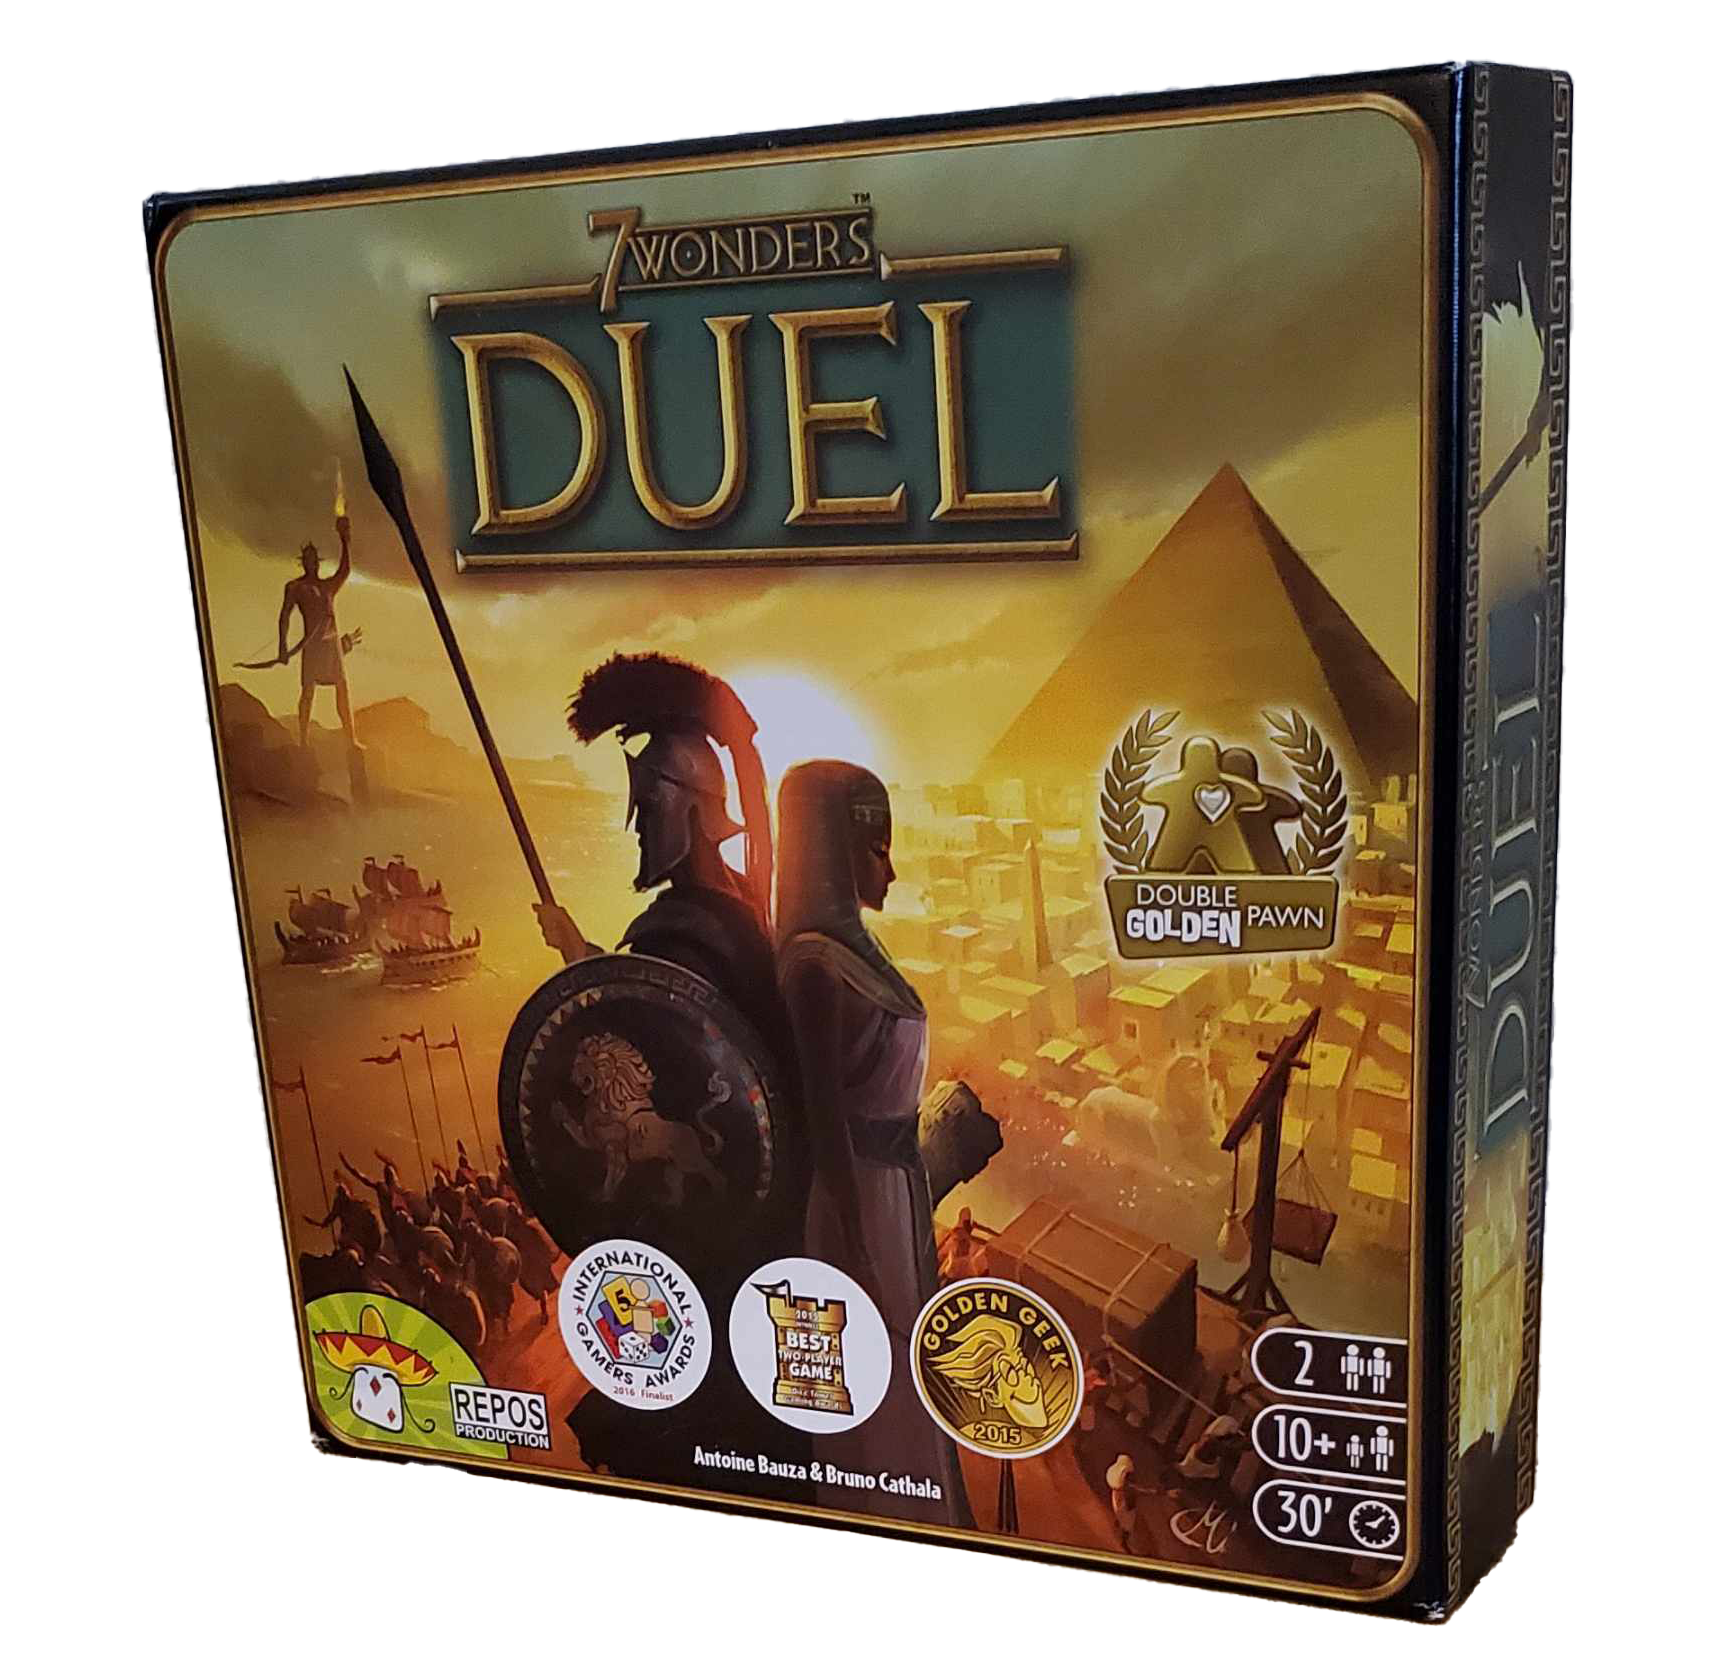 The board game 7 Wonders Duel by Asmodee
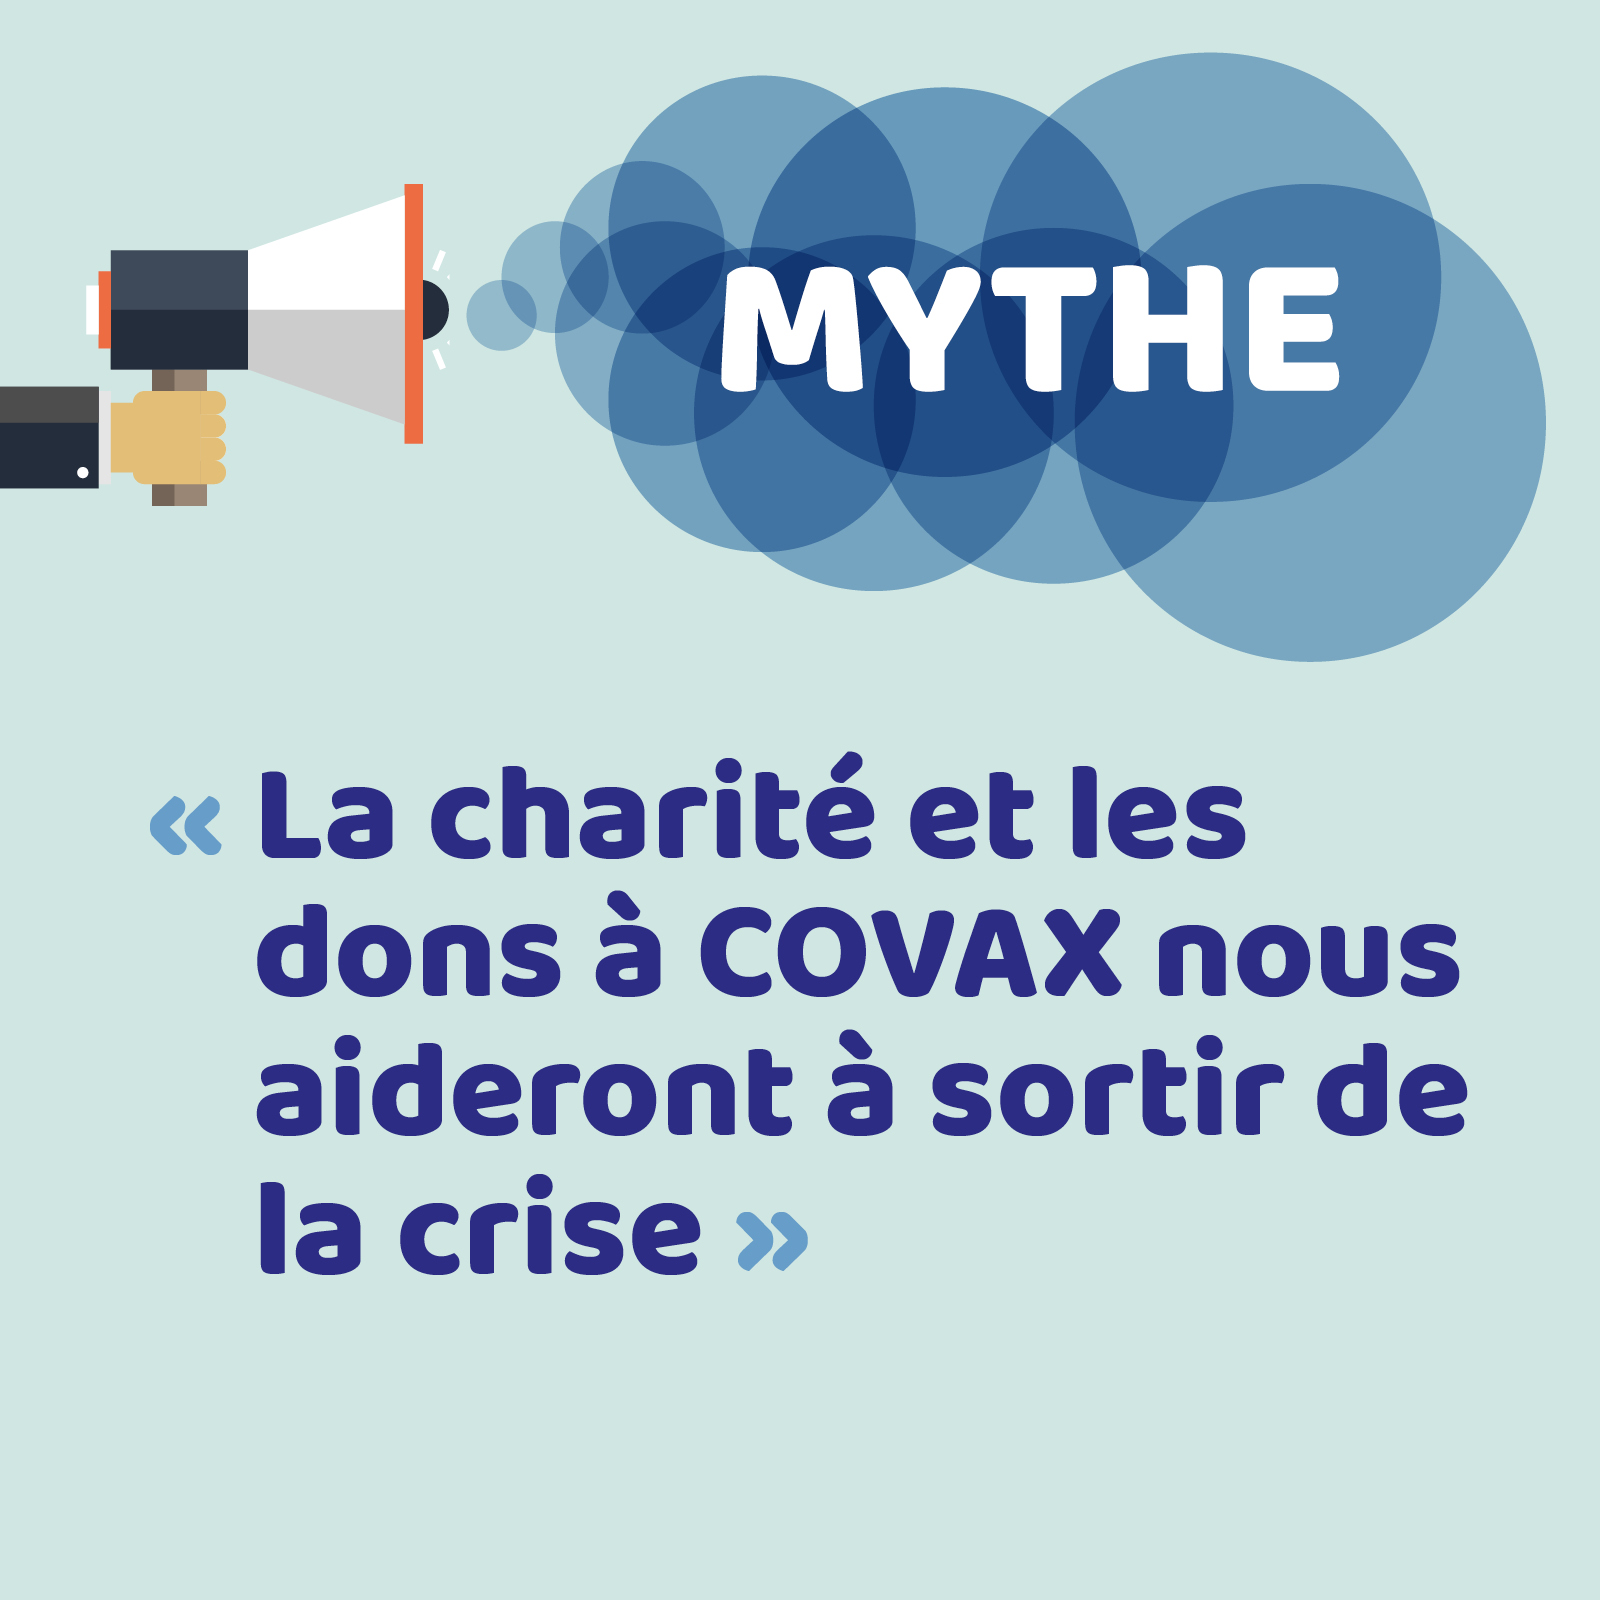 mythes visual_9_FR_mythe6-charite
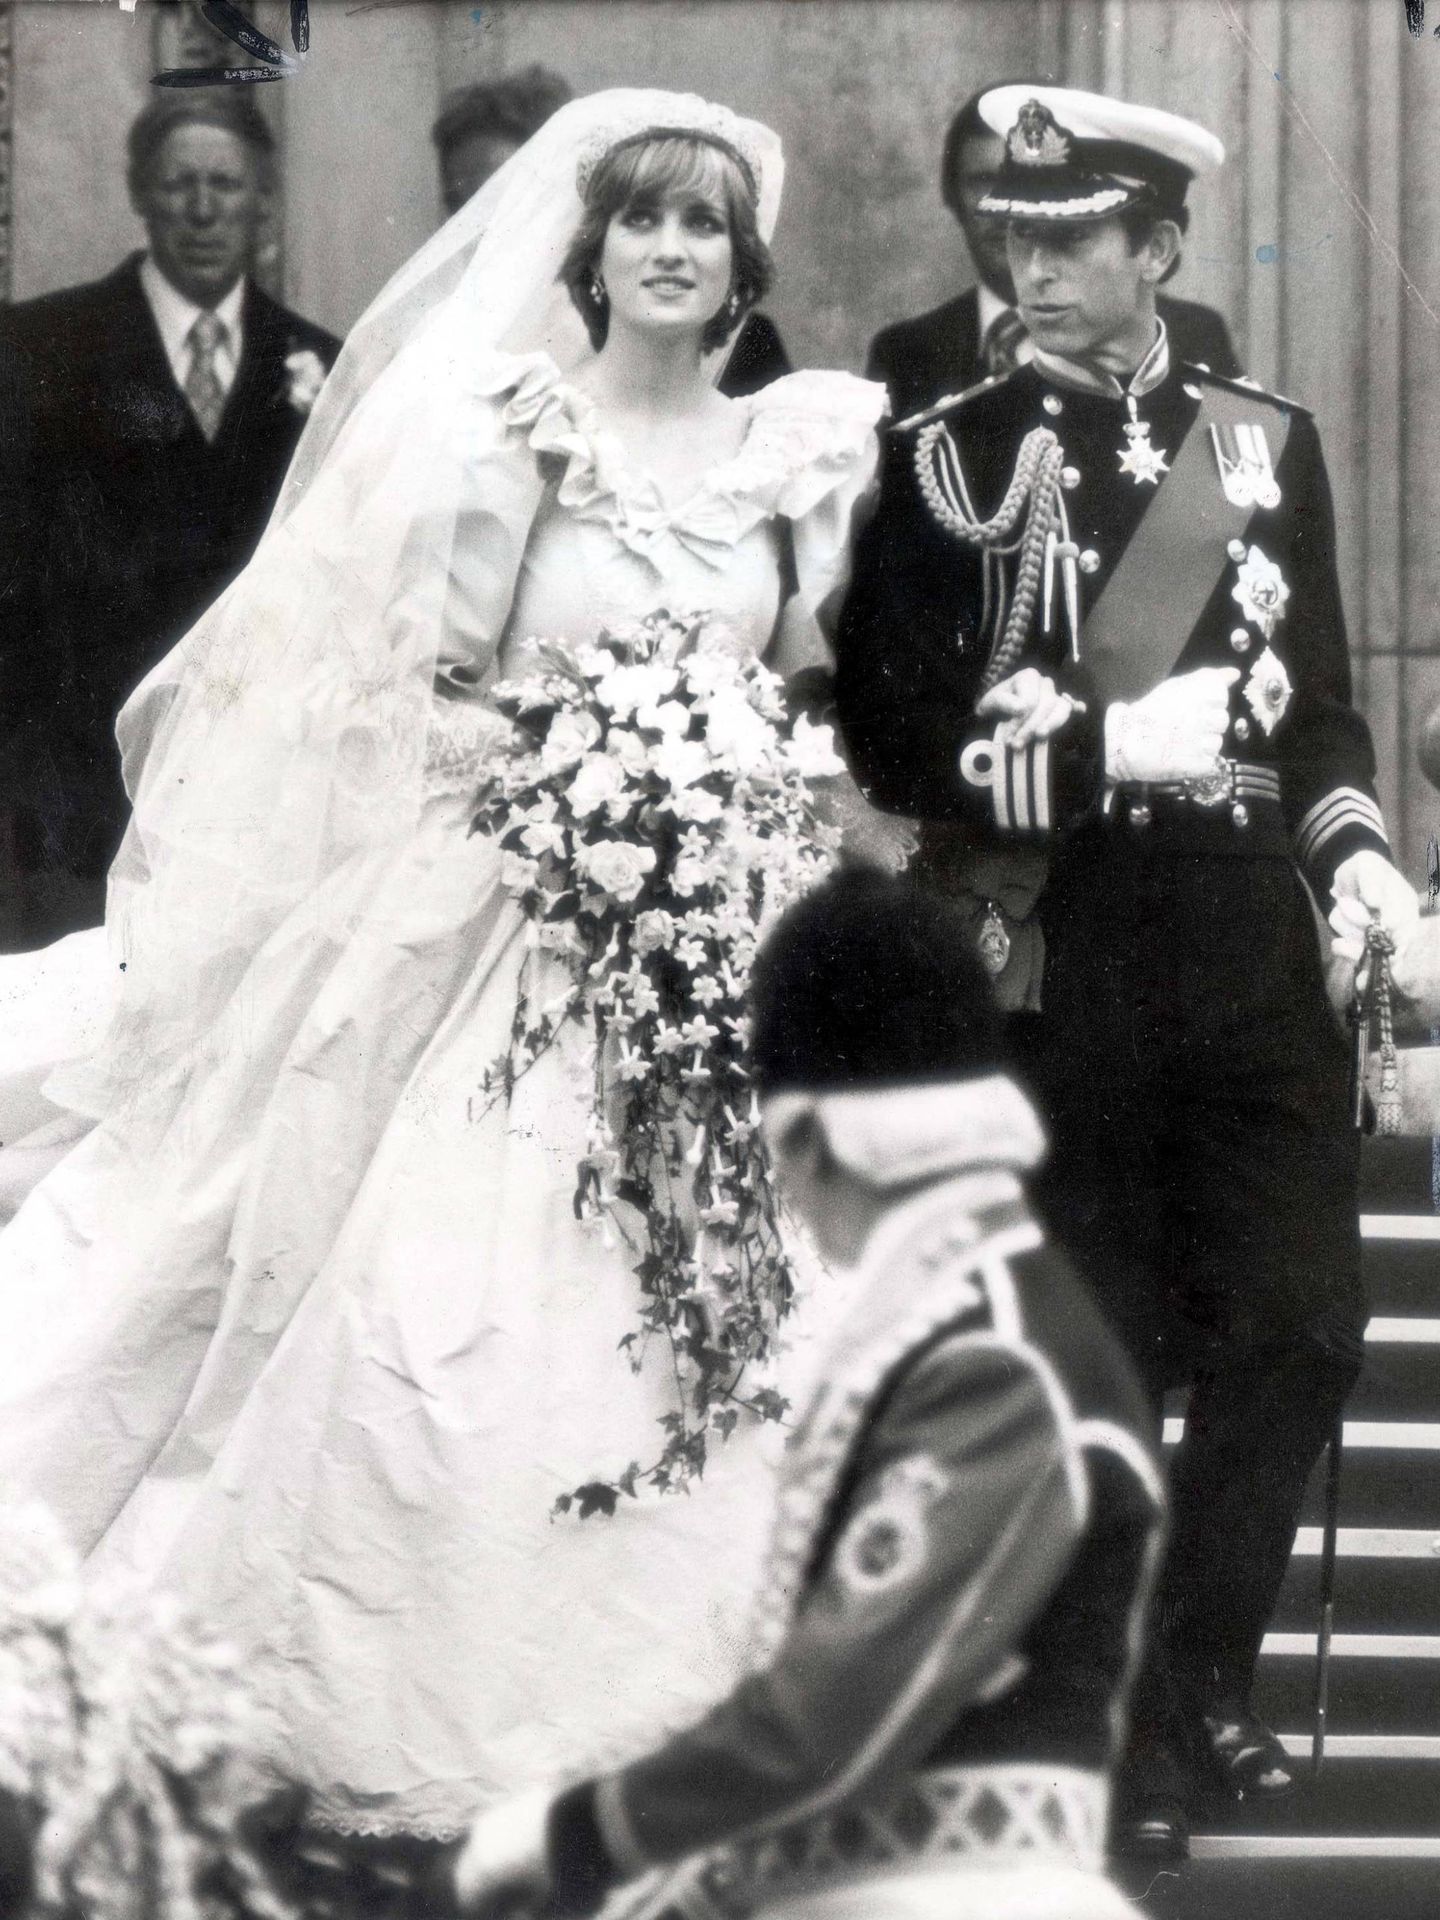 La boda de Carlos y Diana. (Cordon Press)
_ _ _ _
WORK ORDER – Leaving the pictures aside, transcribe the entire listing exactly.

WRITTEN RESPONSE –
 The board game 7 Wonders Duel by Asmodee
 mythes visual_9_FR_mythe6-charite
 La boda de Carlos y Diana. (Cordon Press)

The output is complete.